§ **Your goal**
An exact, complete copy of the entries is what is needed.

§ **Stored items**
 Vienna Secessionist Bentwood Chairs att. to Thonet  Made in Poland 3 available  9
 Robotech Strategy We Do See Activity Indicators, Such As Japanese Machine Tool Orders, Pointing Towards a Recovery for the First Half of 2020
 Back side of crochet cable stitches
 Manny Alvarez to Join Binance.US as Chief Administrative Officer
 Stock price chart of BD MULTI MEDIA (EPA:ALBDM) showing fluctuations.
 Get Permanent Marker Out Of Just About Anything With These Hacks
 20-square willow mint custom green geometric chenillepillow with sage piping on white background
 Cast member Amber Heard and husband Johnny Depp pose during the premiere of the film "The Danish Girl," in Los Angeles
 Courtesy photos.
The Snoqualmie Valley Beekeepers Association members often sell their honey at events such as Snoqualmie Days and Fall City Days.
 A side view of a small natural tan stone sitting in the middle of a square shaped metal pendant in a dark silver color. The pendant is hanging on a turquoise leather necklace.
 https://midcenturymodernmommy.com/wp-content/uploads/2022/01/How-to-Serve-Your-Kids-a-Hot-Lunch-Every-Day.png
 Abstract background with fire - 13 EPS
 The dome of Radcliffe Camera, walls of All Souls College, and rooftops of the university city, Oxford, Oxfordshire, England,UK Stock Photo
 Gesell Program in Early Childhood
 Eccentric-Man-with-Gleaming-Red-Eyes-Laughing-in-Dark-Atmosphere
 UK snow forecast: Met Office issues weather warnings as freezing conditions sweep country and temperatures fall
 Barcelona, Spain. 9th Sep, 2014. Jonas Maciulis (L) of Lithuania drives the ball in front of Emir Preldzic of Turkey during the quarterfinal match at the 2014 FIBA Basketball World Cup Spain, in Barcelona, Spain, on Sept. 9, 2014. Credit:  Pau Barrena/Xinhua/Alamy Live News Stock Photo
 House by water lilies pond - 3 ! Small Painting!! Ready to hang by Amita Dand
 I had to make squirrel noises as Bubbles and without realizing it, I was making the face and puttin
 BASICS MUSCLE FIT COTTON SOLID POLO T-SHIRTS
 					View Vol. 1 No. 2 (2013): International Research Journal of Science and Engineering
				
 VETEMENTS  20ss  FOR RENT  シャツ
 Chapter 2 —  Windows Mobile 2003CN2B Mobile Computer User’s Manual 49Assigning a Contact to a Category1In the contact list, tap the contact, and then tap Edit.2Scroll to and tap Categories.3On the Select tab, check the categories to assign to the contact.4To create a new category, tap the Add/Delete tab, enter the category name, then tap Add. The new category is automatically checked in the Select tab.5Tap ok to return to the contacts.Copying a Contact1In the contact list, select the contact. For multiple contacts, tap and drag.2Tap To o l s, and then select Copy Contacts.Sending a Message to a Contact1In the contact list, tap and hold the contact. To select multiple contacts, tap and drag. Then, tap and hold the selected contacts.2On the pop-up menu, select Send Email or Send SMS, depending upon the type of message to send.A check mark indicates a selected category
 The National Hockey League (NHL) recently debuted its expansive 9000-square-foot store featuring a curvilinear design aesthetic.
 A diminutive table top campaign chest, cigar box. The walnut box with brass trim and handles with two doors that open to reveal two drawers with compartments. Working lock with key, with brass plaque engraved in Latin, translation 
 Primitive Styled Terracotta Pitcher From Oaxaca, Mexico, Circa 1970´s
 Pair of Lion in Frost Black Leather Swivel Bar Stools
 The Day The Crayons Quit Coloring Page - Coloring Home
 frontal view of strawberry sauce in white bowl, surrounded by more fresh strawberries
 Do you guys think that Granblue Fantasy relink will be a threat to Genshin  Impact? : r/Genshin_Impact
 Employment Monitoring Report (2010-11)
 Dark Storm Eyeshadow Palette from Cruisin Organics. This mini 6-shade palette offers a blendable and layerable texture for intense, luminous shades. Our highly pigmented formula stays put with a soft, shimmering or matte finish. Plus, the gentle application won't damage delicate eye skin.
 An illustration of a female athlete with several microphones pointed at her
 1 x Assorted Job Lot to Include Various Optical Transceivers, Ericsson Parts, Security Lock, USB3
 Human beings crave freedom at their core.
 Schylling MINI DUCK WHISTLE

§ **Reply**
 Vienna Secessionist Bentwood Chairs att. to Thonet  Made in Poland 3 available  9
 Robotech Strategy We Do See Activity Indicators, Such As Japanese Machine Tool Orders, Pointing Towards a Recovery for the First Half of 2020
 Back side of crochet cable stitches
 Manny Alvarez to Join Binance.US as Chief Administrative Officer
 Stock price chart of BD MULTI MEDIA (EPA:ALBDM) showing fluctuations.
 Get Permanent Marker Out Of Just About Anything With These Hacks
 20-square willow mint custom green geometric chenillepillow with sage piping on white background
 Cast member Amber Heard and husband Johnny Depp pose during the premiere of the film "The Danish Girl," in Los Angeles
 Courtesy photos.
The Snoqualmie Valley Beekeepers Association members often sell their honey at events such as Snoqualmie Days and Fall City Days.
 A side view of a small natural tan stone sitting in the middle of a square shaped metal pendant in a dark silver color. The pendant is hanging on a turquoise leather necklace.
 https://midcenturymodernmommy.com/wp-content/uploads/2022/01/How-to-Serve-Your-Kids-a-Hot-Lunch-Every-Day.png
 Abstract background with fire - 13 EPS
 The dome of Radcliffe Camera, walls of All Souls College, and rooftops of the university city, Oxford, Oxfordshire, England,UK Stock Photo
 Gesell Program in Early Childhood
 Eccentric-Man-with-Gleaming-Red-Eyes-Laughing-in-Dark-Atmosphere
 UK snow forecast: Met Office issues weather warnings as freezing conditions sweep country and temperatures fall
 Barcelona, Spain. 9th Sep, 2014. Jonas Maciulis (L) of Lithuania drives the ball in front of Emir Preldzic of Turkey during the quarterfinal match at the 2014 FIBA Basketball World Cup Spain, in Barcelona, Spain, on Sept. 9, 2014. Credit:  Pau Barrena/Xinhua/Alamy Live News Stock Photo
 House by water lilies pond - 3 ! Small Painting!! Ready to hang by Amita Dand
 I had to make squirrel noises as Bubbles and without realizing it, I was making the face and puttin
 BASICS MUSCLE FIT COTTON SOLID POLO T-SHIRTS
 					View Vol. 1 No. 2 (2013): International Research Journal of Science and Engineering
				
 VETEMENTS  20ss  FOR RENT  シャツ
 Chapter 2 —  Windows Mobile 2003CN2B Mobile Computer User’s Manual 49Assigning a Contact to a Category1In the contact list, tap the contact, and then tap Edit.2Scroll to and tap Categories.3On the Select tab, check the categories to assign to the contact.4To create a new category, tap the Add/Delete tab, enter the category name, then tap Add. The new category is automatically checked in the Select tab.5Tap ok to return to the contacts.Copying a Contact1In the contact list, select the contact. For multiple contacts, tap and drag.2Tap To o l s, and then select Copy Contacts.Sending a Message to a Contact1In the contact list, tap and hold the contact. To select multiple contacts, tap and drag. Then, tap and hold the selected contacts.2On the pop-up menu, select Send Email or Send SMS, depending upon the type of message to send.A check mark indicates a selected category
 The National Hockey League (NHL) recently debuted its expansive 9000-square-foot store featuring a curvilinear design aesthetic.
 A diminutive table top campaign chest, cigar box. The walnut box with brass trim and handles with two doors that open to reveal two drawers with compartments. Working lock with key, with brass plaque engraved in Latin, translation 
 Primitive Styled Terracotta Pitcher From Oaxaca, Mexico, Circa 1970´s
 Pair of Lion in Frost Black Leather Swivel Bar Stools
 The Day The Crayons Quit Coloring Page - Coloring Home
 frontal view of strawberry sauce in white bowl, surrounded by more fresh strawberries
 Do you guys think that Granblue Fantasy relink will be a threat to Genshin  Impact? : r/Genshin_Impact
 Employment Monitoring Report (2010-11)
 Dark Storm Eyeshadow Palette from Cruisin Organics. This mini 6-shade palette offers a blendable and layerable texture for intense, luminous shades. Our highly pigmented formula stays put with a soft, shimmering or matte finish. Plus, the gentle application won't damage delicate eye skin.
 An illustration of a female athlete with several microphones pointed at her
 1 x Assorted Job Lot to Include Various Optical Transceivers, Ericsson Parts, Security Lock, USB3
 Human beings crave freedom at their core.
 Schylling MINI DUCK WHISTLE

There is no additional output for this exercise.